Part C - Bonus

Instruction

Part C consists of two data sets. These are simple 2 columns sets, however they have different time stamps. Your optional assignment is to time-base sequence the data and aggregate based on hour (example of what this looks like, follows). Note for multiple recordings within an hour, take the mean. Then to determine if the data is stationary and can it be forecast. If so, provide a week forward forecast and present results via Rpubs and .rmd and the forecast in an Excel readable file.

Data Exploration

#Data Plot
pipe_1 <- read_excel("Waterflow_Pipe1.xlsx") %>% mutate(`Date Time` = as.POSIXct(`Date Time` * (60 * 60 * 24), origin = "1899-12-30", tz = "GMT"))
pipe_2 <- read_excel("Waterflow_Pipe2.xlsx") %>% mutate(`Date Time` = as.POSIXct(`Date Time` * (60 * 60 * 24), origin = "1899-12-30", tz = "GMT"))
pipes <- pipe_1 %>% mutate(Pipe = "Pipe 1") %>% rbind(mutate(pipe_2, Pipe = "Pipe 2"))
ggplot(pipes, aes(`Date Time`, WaterFlow, color = Pipe)) + geom_line() + scale_color_brewer(palette = "Set2") + facet_wrap(. ~ Pipe)

The pipes have varying time frames of data observations where Pipe 1 has a week of data while Pipe 2 has a little over a month. Pipe 1 has a median waterflow of about 20, while pipe 2 has a median of 40.
It appears that both pipes have the same amount of observations meaning that Pipe 1 has multiple observations within a shorter period of time which helps to understand the median difference. I will attempt to clean the data points for further analysis.

Pipe 1

#Data Cleaning
pipe_1 <- pipe_1 %>% mutate(Date = as.Date(`Date Time`), Time = paste0(format(`Date Time`, "%H"), ":00:00")) %>% group_by(Date, Time) %>% summarise(WaterFlow = mean(WaterFlow)) %>% ungroup() %>% mutate(`Date Time` = as.POSIXct(paste(as.character(Date), Time)), format = "%Y-%m-%d %H:%M:%OS") %>% select(`Date Time`, WaterFlow)
#Data Plot
pipe_1_ts <- ts(pipe_1$WaterFlow, start = c(2015, 10, 23), frequency = 24)

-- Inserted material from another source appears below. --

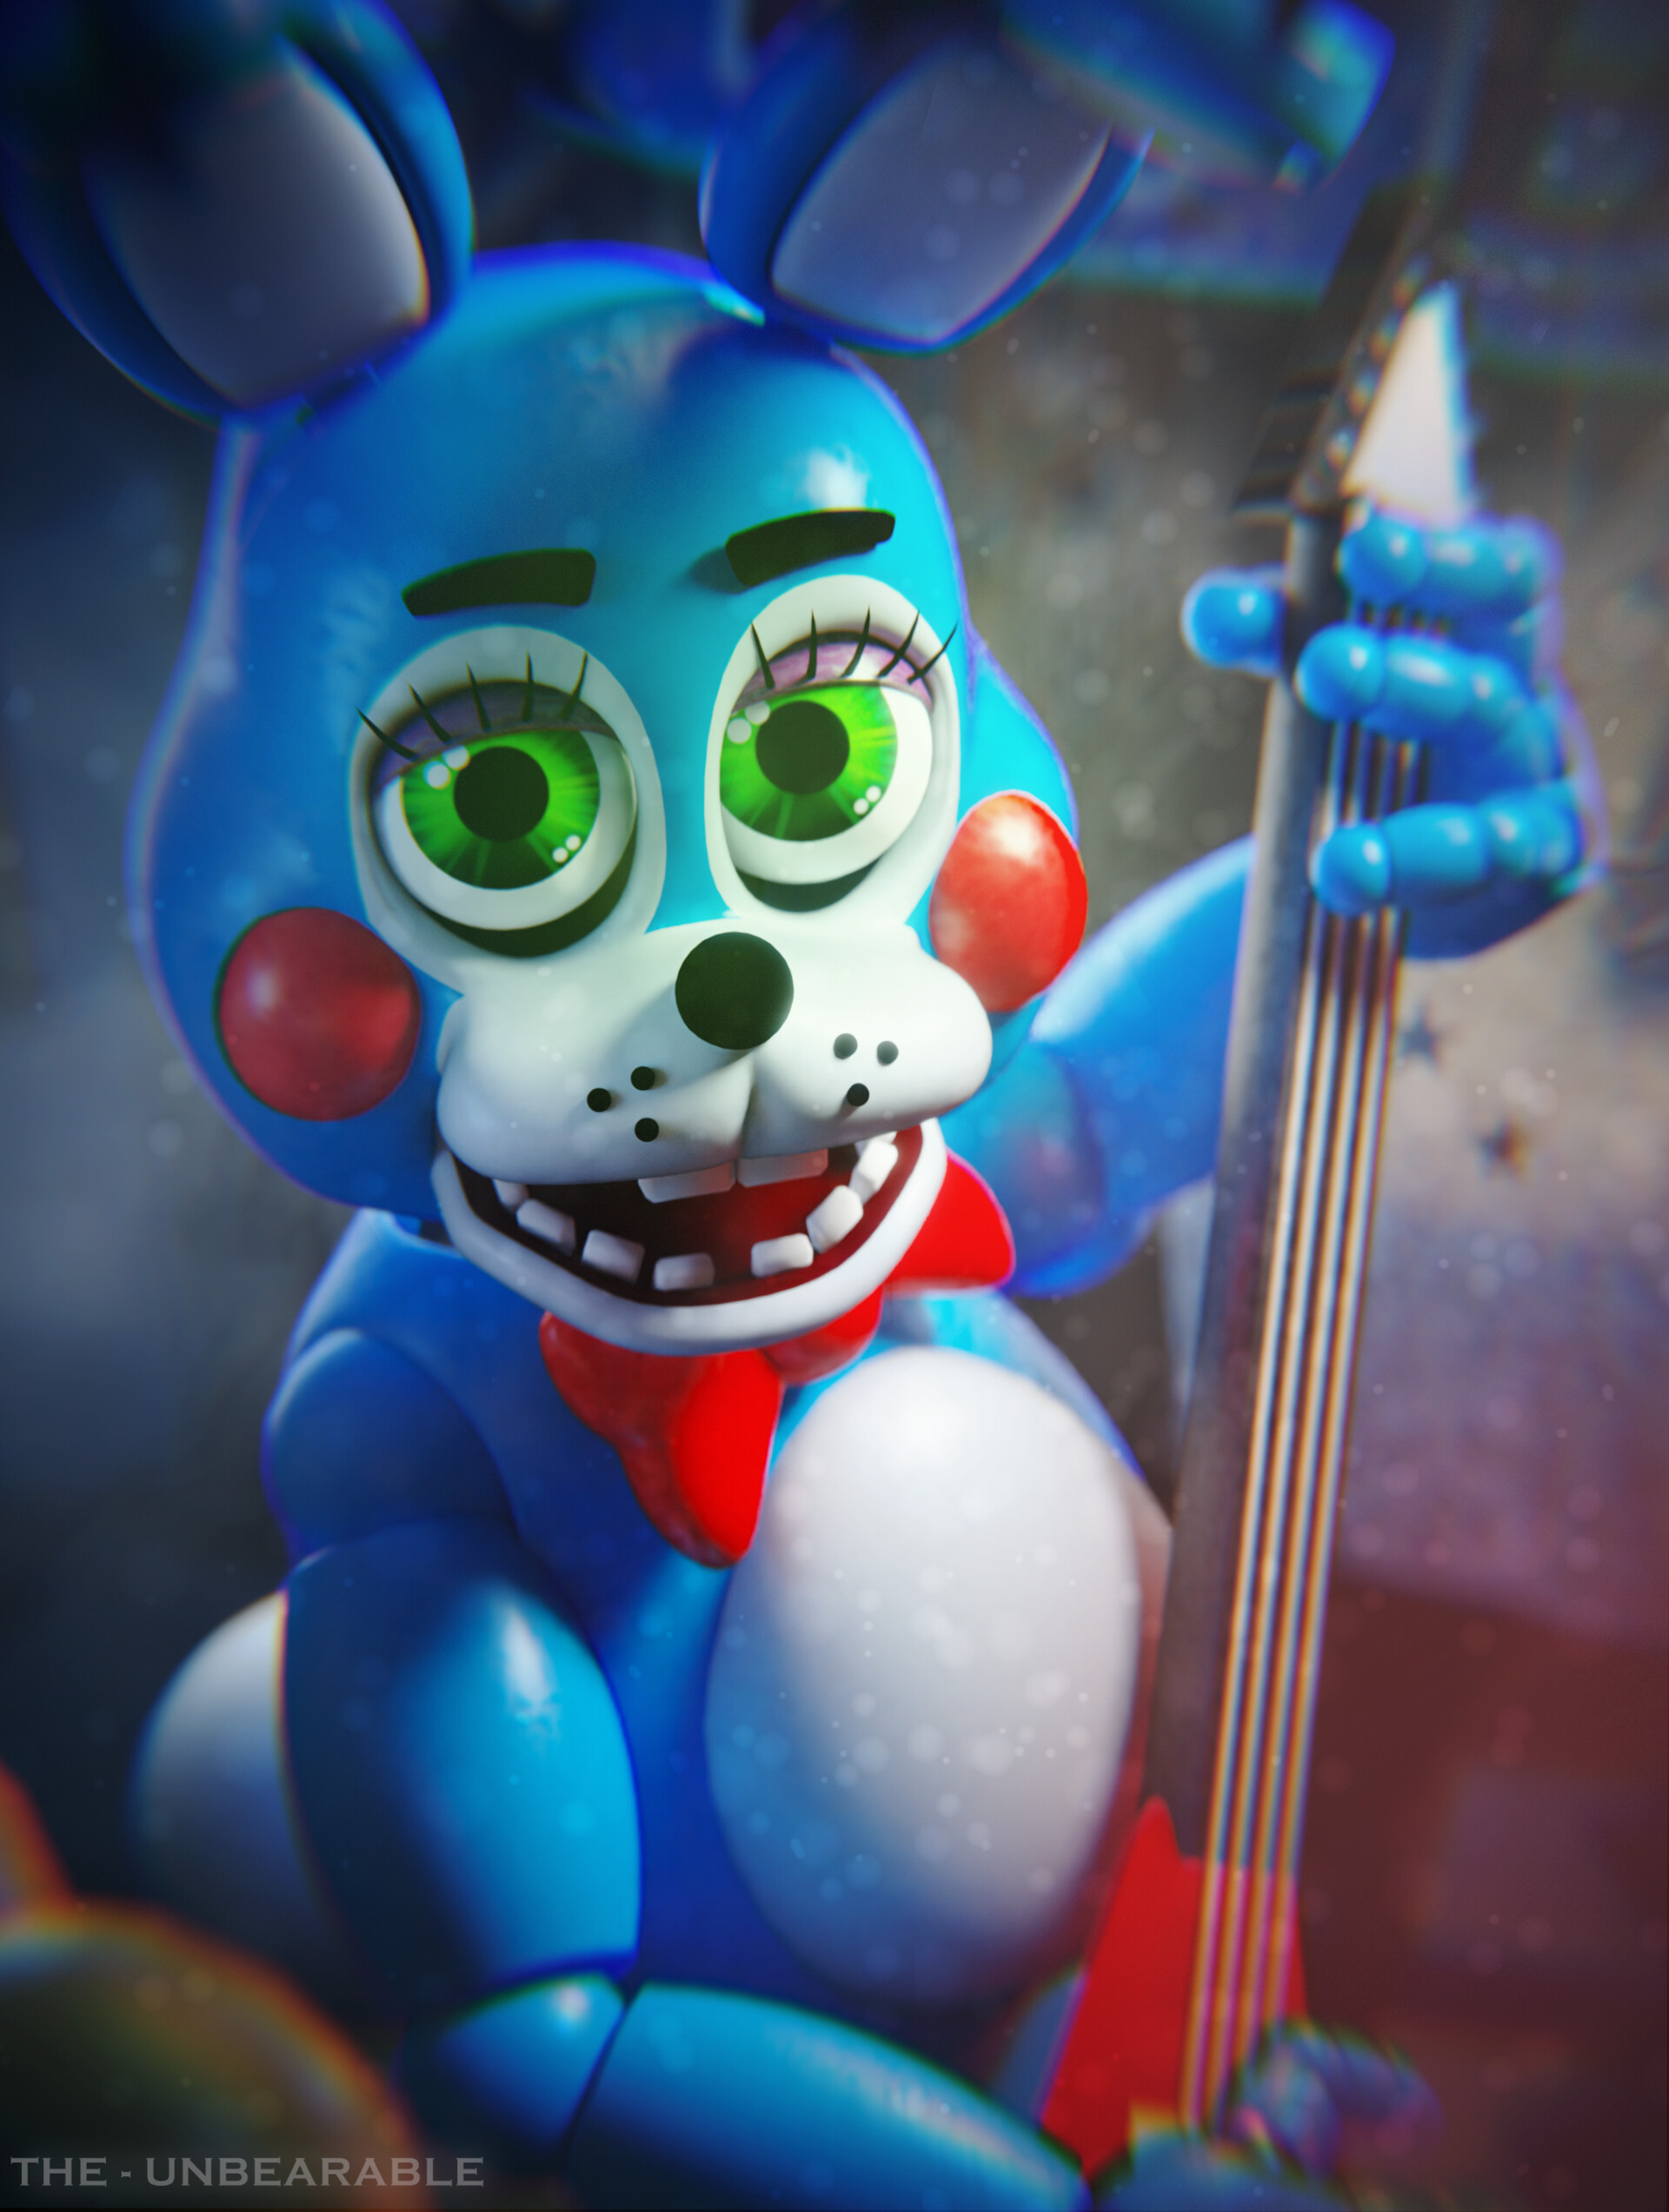 FNAF 2: Toy Bonnie (2015) — Weasyl

is_stationary <- function(ts) {
  results <- kpss.test(ts)
  if (results$p.value > 0.05) {
    "data IS stationary"
  } else {
    "data is NOT stationary"
  }
}

ggtsplot <- function(ts, title) {
  grid.arrange(
    autoplot(ts) +
      scale_y_continuous(labels = comma) +
      ggtitle(paste0(title, " (", is_stationary(ts), ")")) +
      theme(axis.title = element_blank(), axis.text.x = element_blank(), axis.ticks.x = element_blank()),
    grid.arrange(
      ggAcf(ts) + ggtitle(element_blank()),
      ggPacf(ts) + ggtitle(element_blank()), ncol = 2)
    , nrow = 2)
}

ggtsplot(pipe_1_ts, "Pipe #1 Waterflow")

This time series falls within the ACF and the data does not depend on the time at which the series is observed. Different methods will be used to cross validate to measure their performance and the best model is one that minimizes the error.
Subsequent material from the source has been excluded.